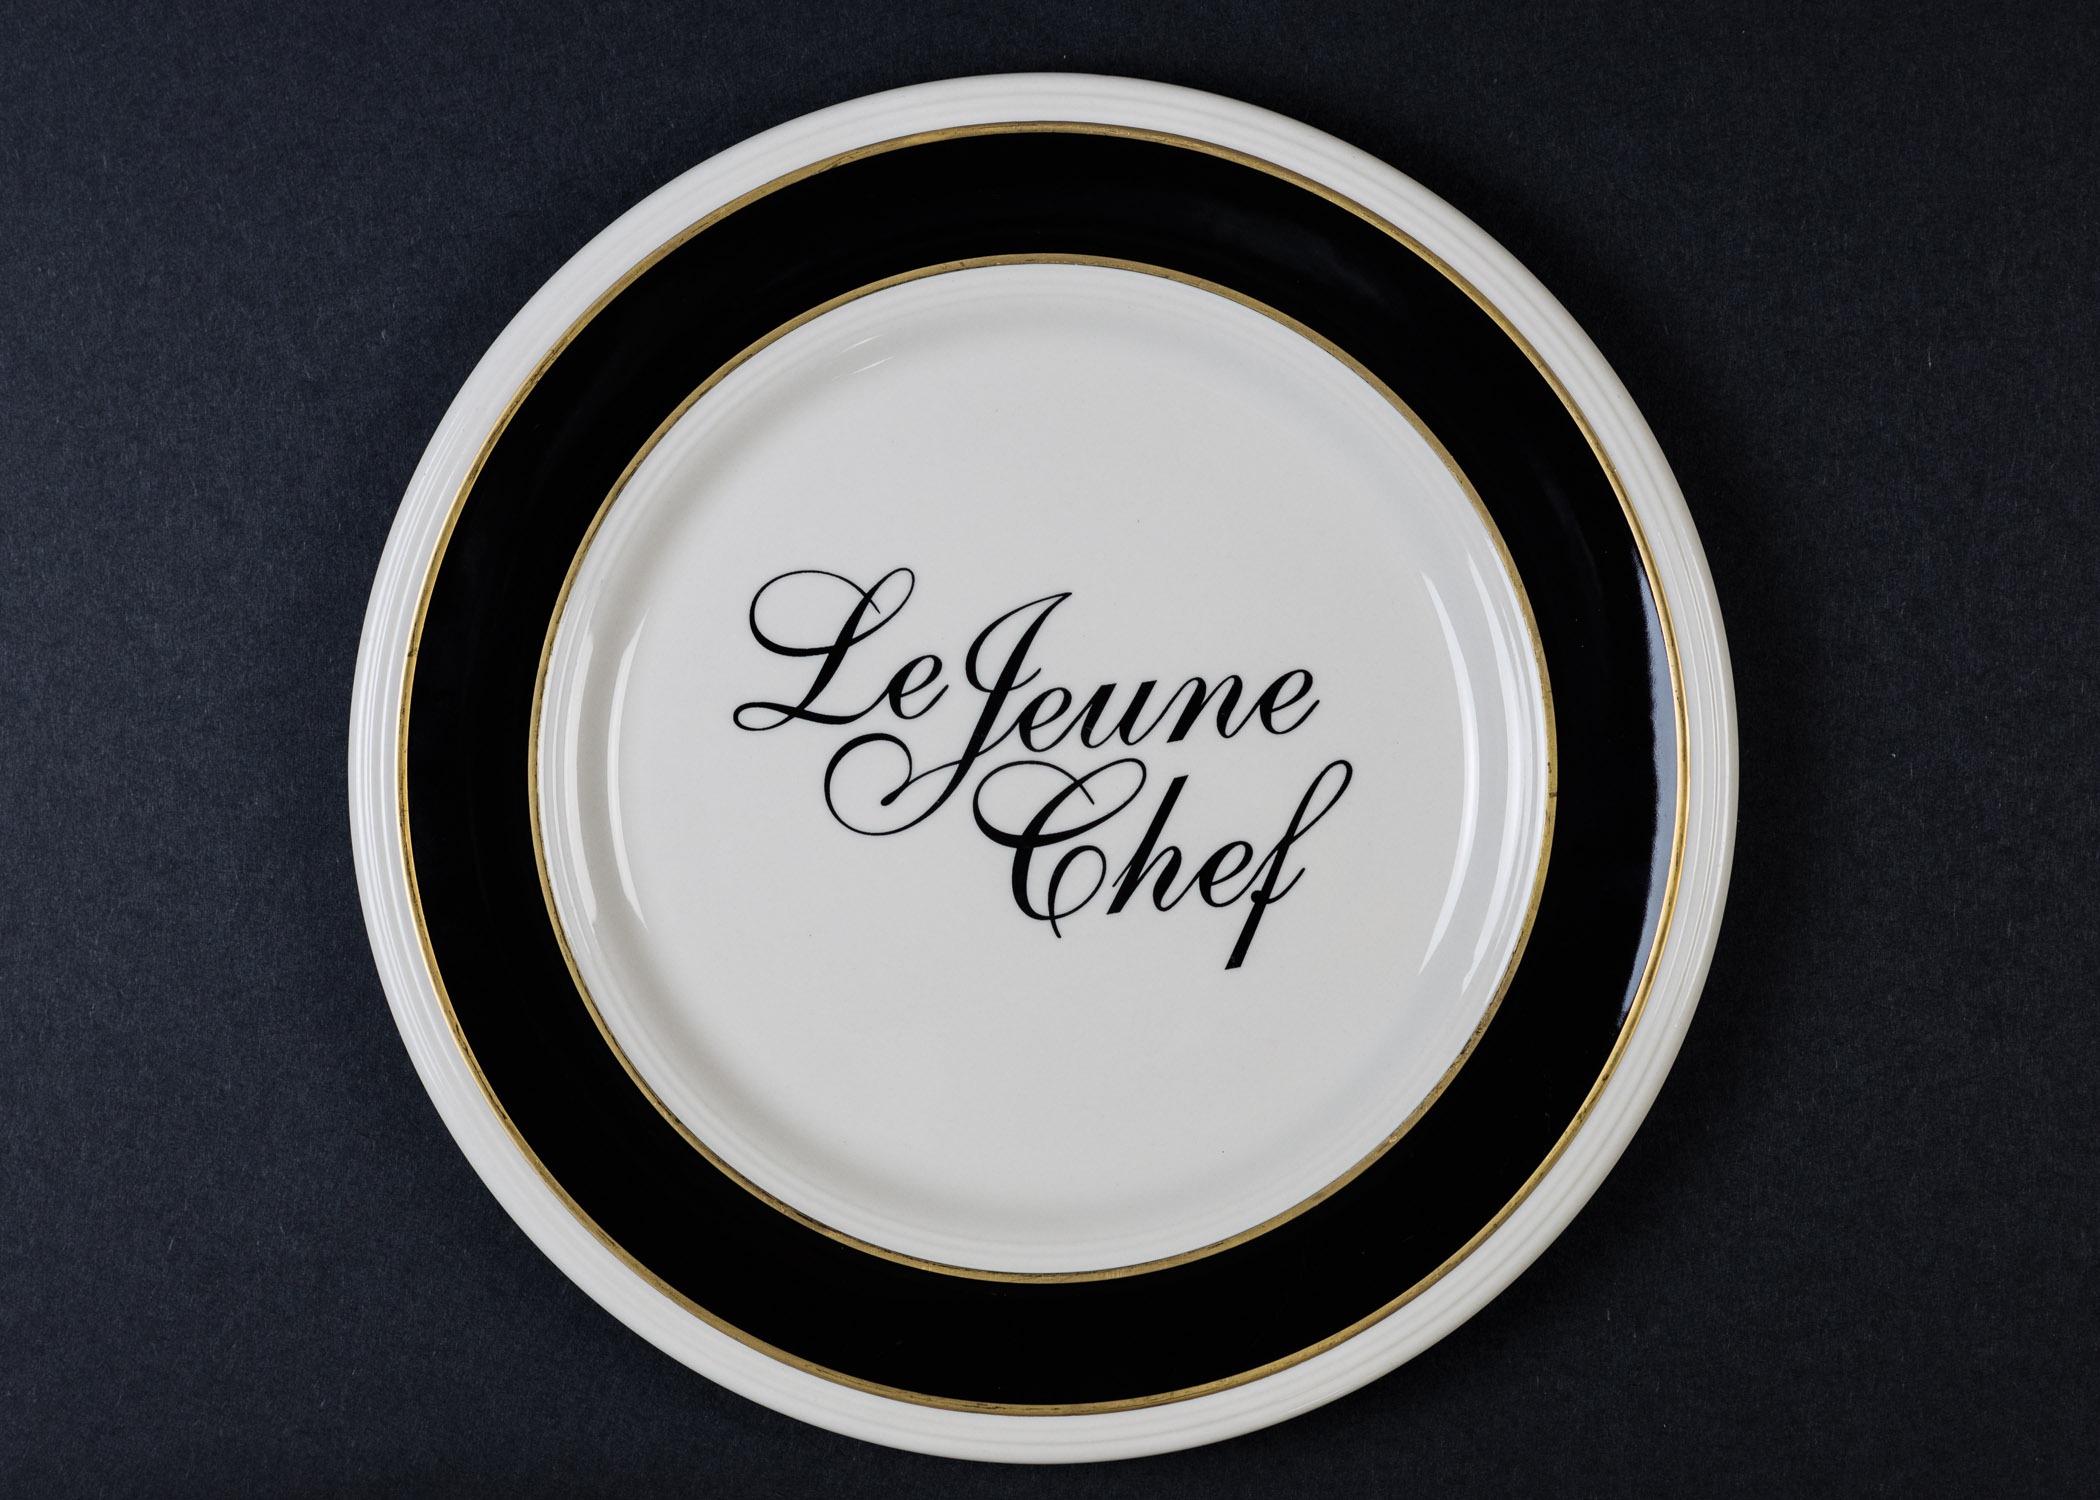 WBRE to broadcast live Wednesday morning from Le Jeune Chef
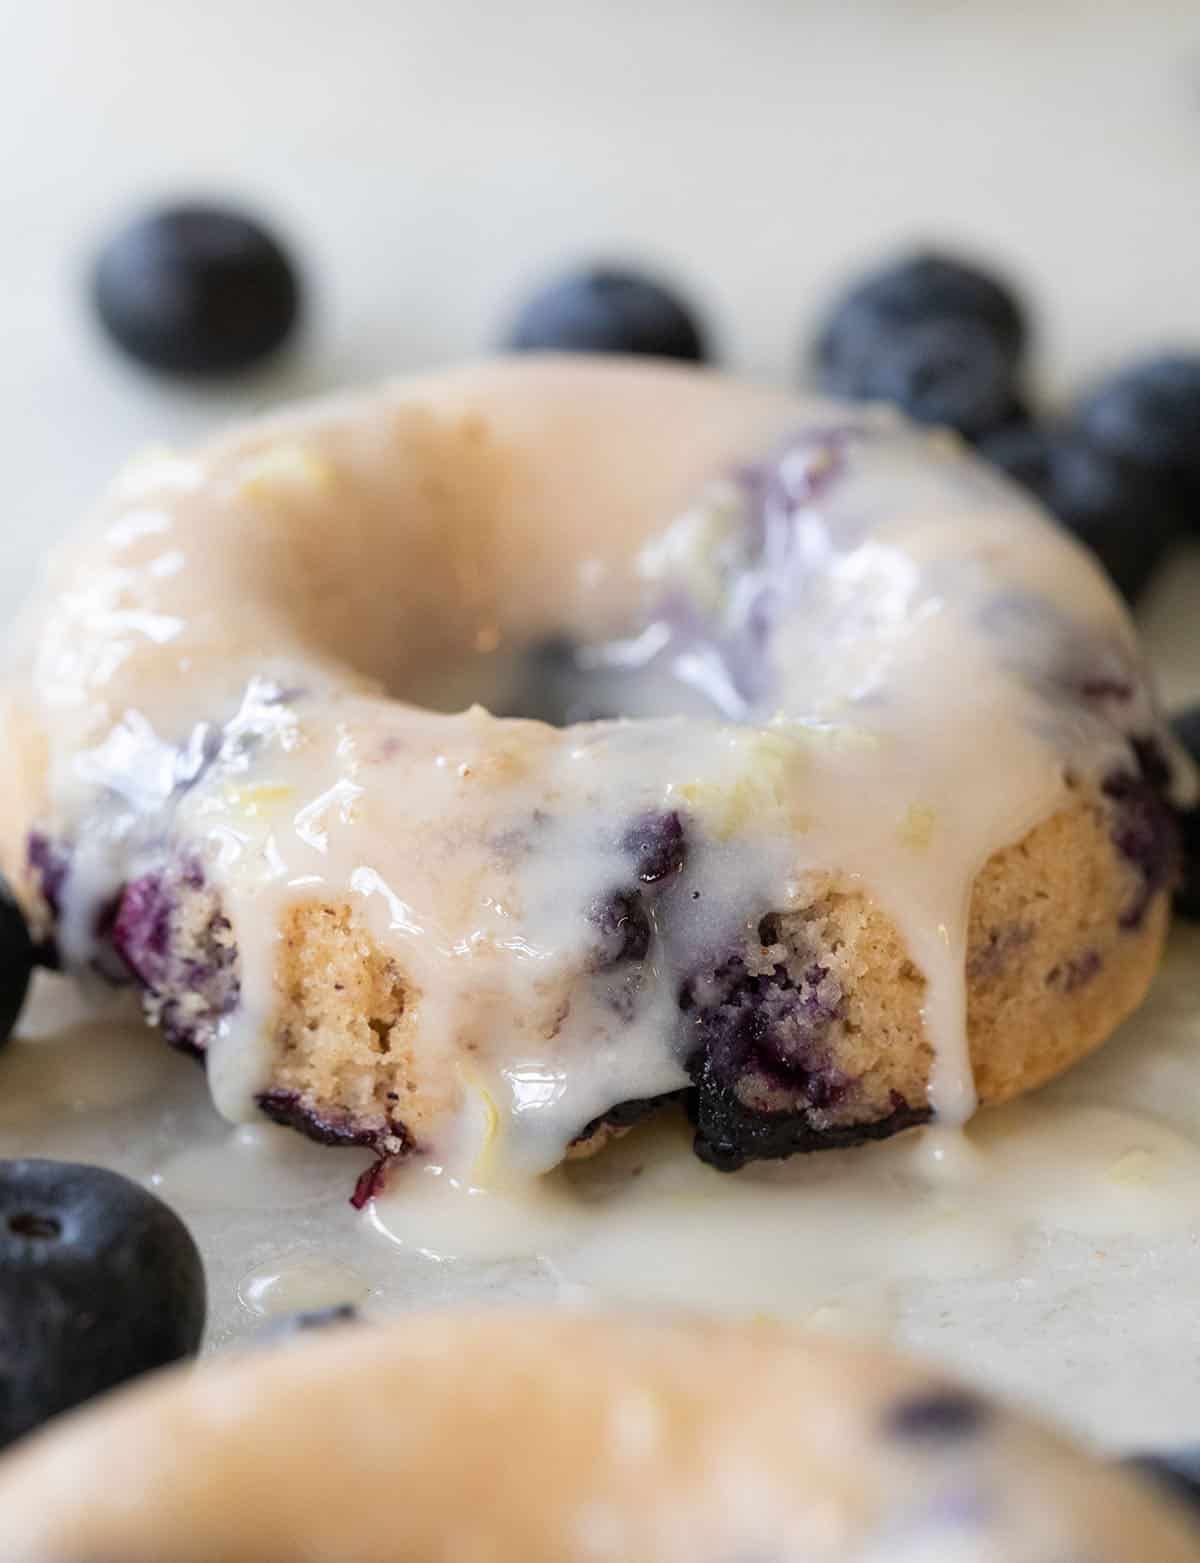 Glazed blueberry donut with juicy blueberries and dripping vanilla glaze.
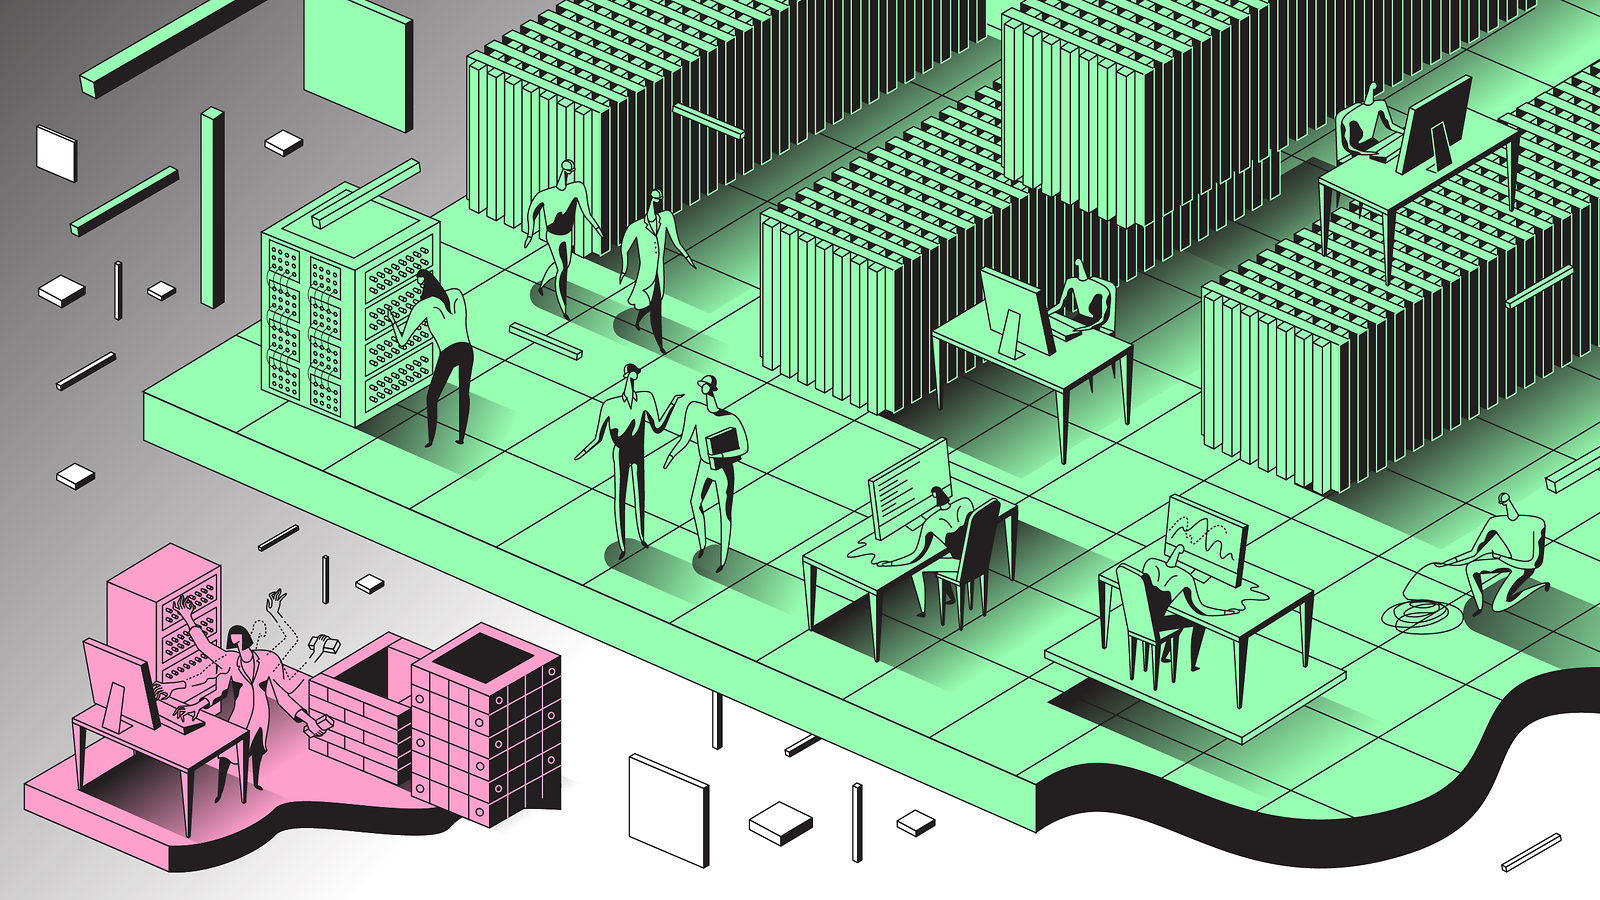 Illustration of people in larger green offices vs one person in smaller pink office
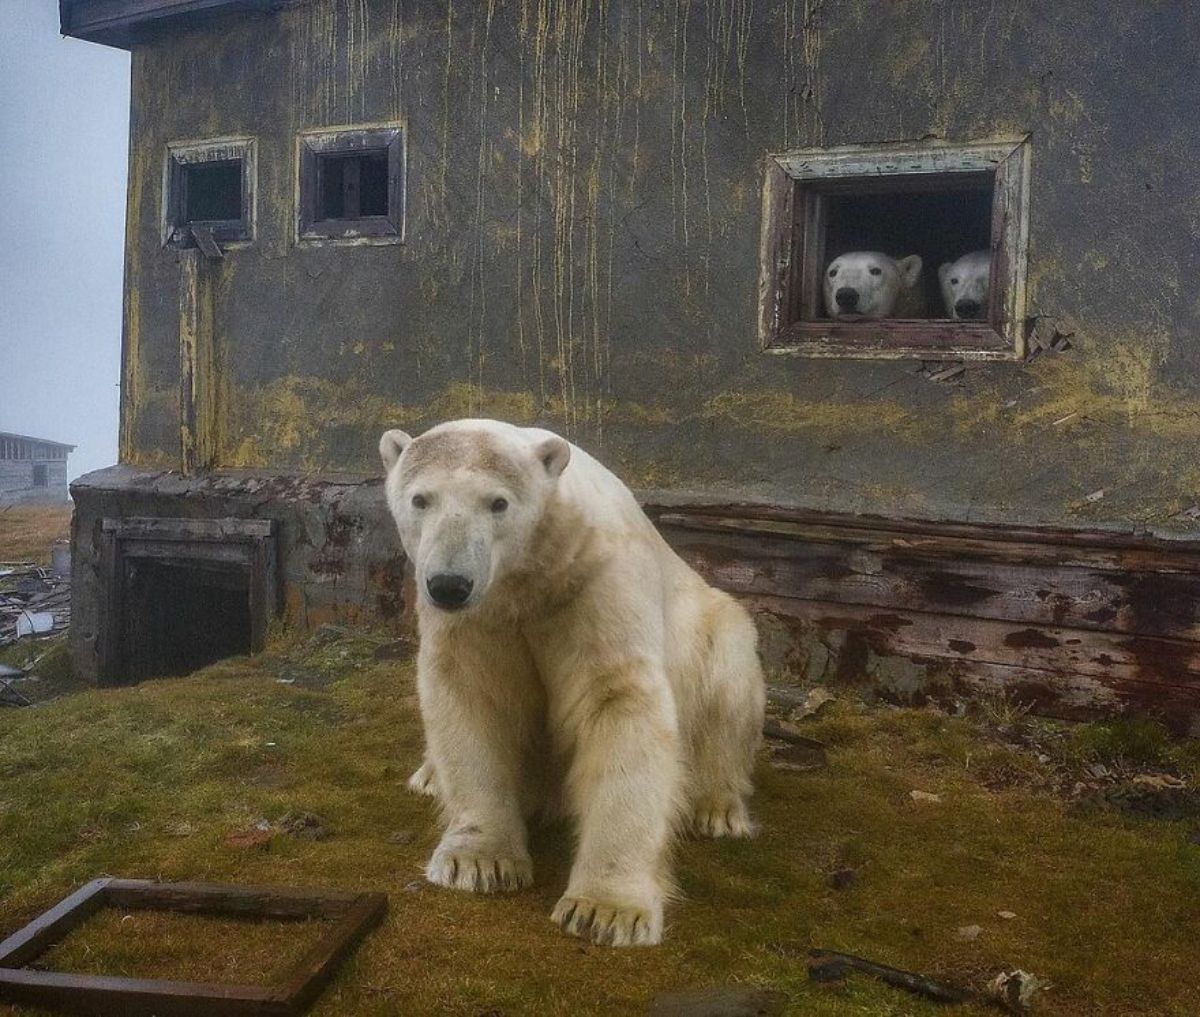 polar bear standing outside a house with 2 others looking out of a window

● **Aim of the exercise**:
From the line that contains "Illustration of people" to the end of the listing, give every line again exactly as written. Leave the pictures out.

● **Response**:
 Illustration of people in larger green offices vs one person in smaller pink office
 polar bear standing outside a house with 2 others looking out of a window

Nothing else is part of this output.